Please advise me how to solve this. Sorry if I put this on wrong category.
Thanks :)
Answer by Theo(13342) About Me  (Show Source):
You can put this solution on YOUR website!
your objective function is:
25,000 * x + 50,000 * y
x is the number of shirts of type 1.
y is the number of shirts of type 2.
25,000 is the profit per shirt of type 1.
20,000 is the profit per shirt of type 2.
your constraint functions are:
2x + 5y <= 70
4x + 3y <= 84
there are 2 meters of cotton per shirt of type 1 and 5 meters of cotton per shirt of type 2.
there are 4 meters of silk per shirt of type 1 and 3 meters of silk per shirt of type 2.
x and y both have to be greater than or equal to 0.
you graph the constraint equation to get the following graph:
$$$$$
your feasible region is above the line x = 0 and to the right of the line y = 0 and below the lines of 2x + 5y <= 70 and 4x + 3y = 84.
this feasible region is bounded by the lines between the following points:
(0,14)
(15,8)
(21,0)
(0,0)
the objective function will be maximum at one of these points.
calclate the objective function at each of these points and you will get:
(0,14) = 280,000
(15,8) = 535,000
(21,0) = 525,000
(0,0) = 0
you have maximum profit at the point (15,8).
at this point, the value of x is equal to 15 and the value of y is equal to 8
25,000 * 15 + 20,000 * 20,000 = $535,000.

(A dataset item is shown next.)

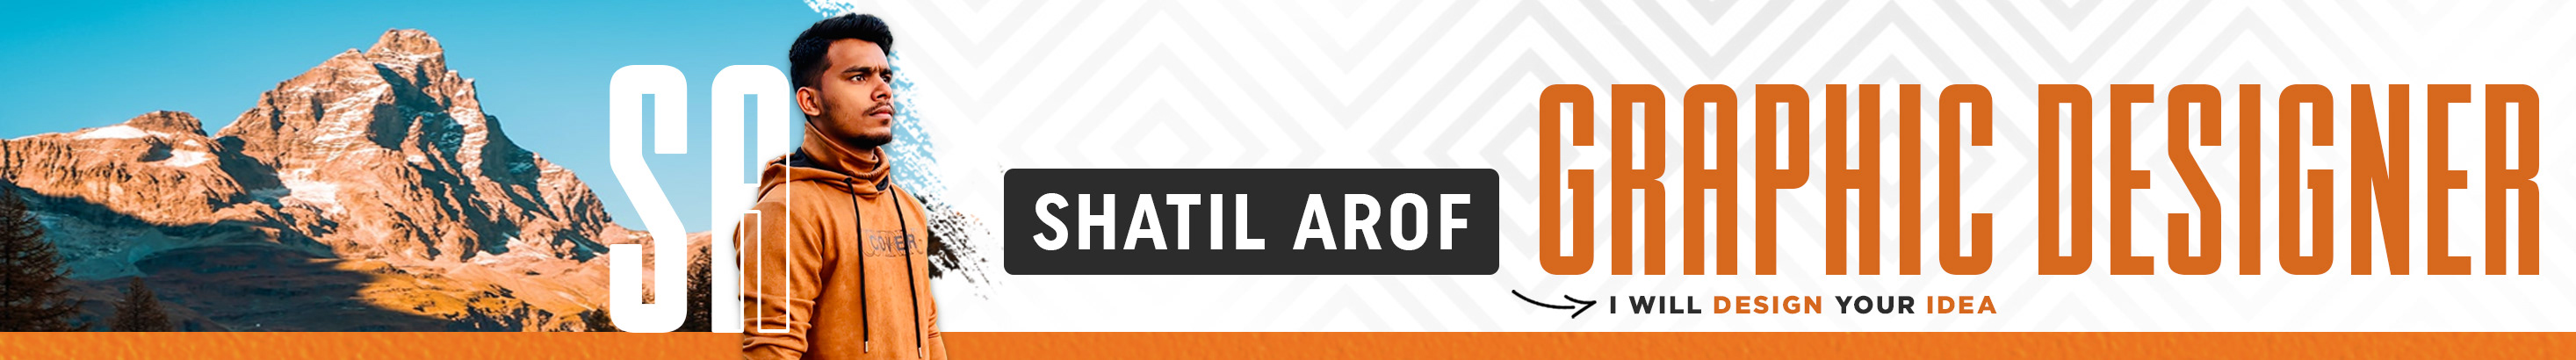 Shatil Arof's profile banner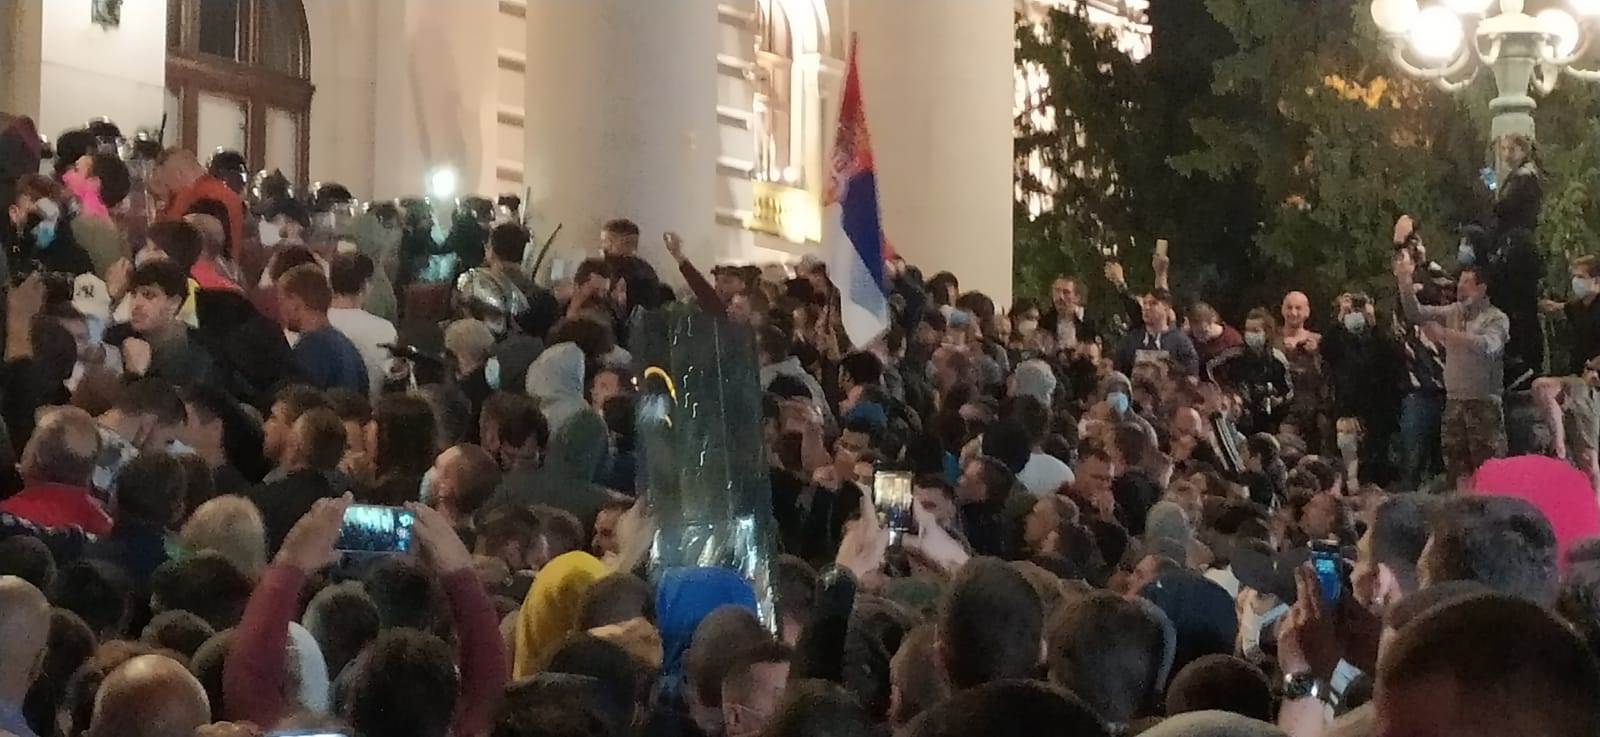  najnovija vest Dačić protesti demonstarcije skupština srbije incidenti sukobi policija

at the intersection point of (15,8), the constraints on cotton are:
2x + 5y <= 70
2x + 5y becomes 2(15) + 5(8) = 70
the constraints on cotton are satisfied.
at the intersection point of (15,8), the constraints on silk are:
4x + 3y <= 84
4x + 3y becomes 4(15) + 3(8) = 84
the constraints on silk are satisfied.
you mixed up your constraints with your objective function.
the objection function was to maximize profit.
profit = 25,000 * x + 20,000 * y
constraints are separate equations.
you graph the constraints.
you find the intersection points of the feasible region.
you analyze the objective function at the intersection points of the feasible region.
the intersection point with the maximum value evaluated from the profit equation is the solution you are looking for.